BURIED Treasure Discoveries By Metal Detectorists In UK Hit New Records as the trend grows
The Department for Digital, Culture, Media and Sport’s (DCMS) in the UK has announced in its annual report that for the sixth year in a row, there have been more than 1,000 discoveries of buried treasure in England, Wales and Northern Ireland.
Putting the rise down to the growing trend in numbers of people going out using metal detectors – which accounted for 96 per cent of the hauls – the Department showed that the largest number of finds recorded so far was in 2019, when more than 1,300 pieces of treasure were uncovered.

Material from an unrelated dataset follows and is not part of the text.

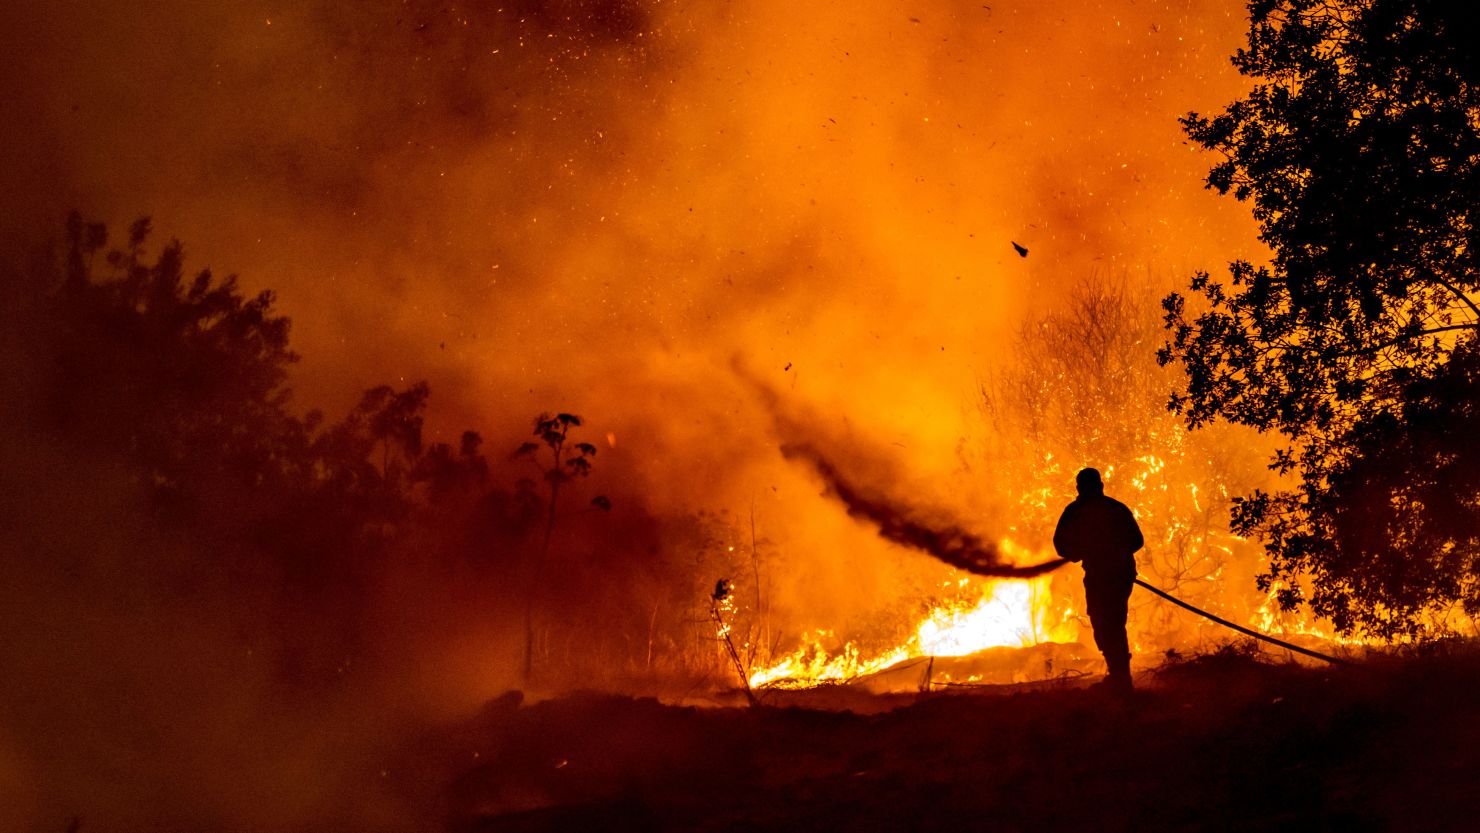 A firefighter battles the flame in a forest on the slopes of the Troodos mountain chain on July 3.

Apparently, there are more than 20,000 metal detectorists in England and Wales, with Hampshire, Essex and Lincolnshire appearing to be the best counties for finding the treasure, as more than 80 pieces were found in each of those counties in 2019.
Reports show that 84 per cent of the finds were ‘object cases’, which means they are non-coins, and 348 discoveries were either donated to, or acquired by UK museums.
Changes to the law have been proposed, with culture minister Caroline Dinenage stating, “The search for buried treasures by budding detectorists has become more popular than ever before and many ancient artefacts now see the light of day in museums’ collections”.
She added, “However, it is important that we pursue plans to protect more of our precious history and make it easier for everyone to follow the treasure process”.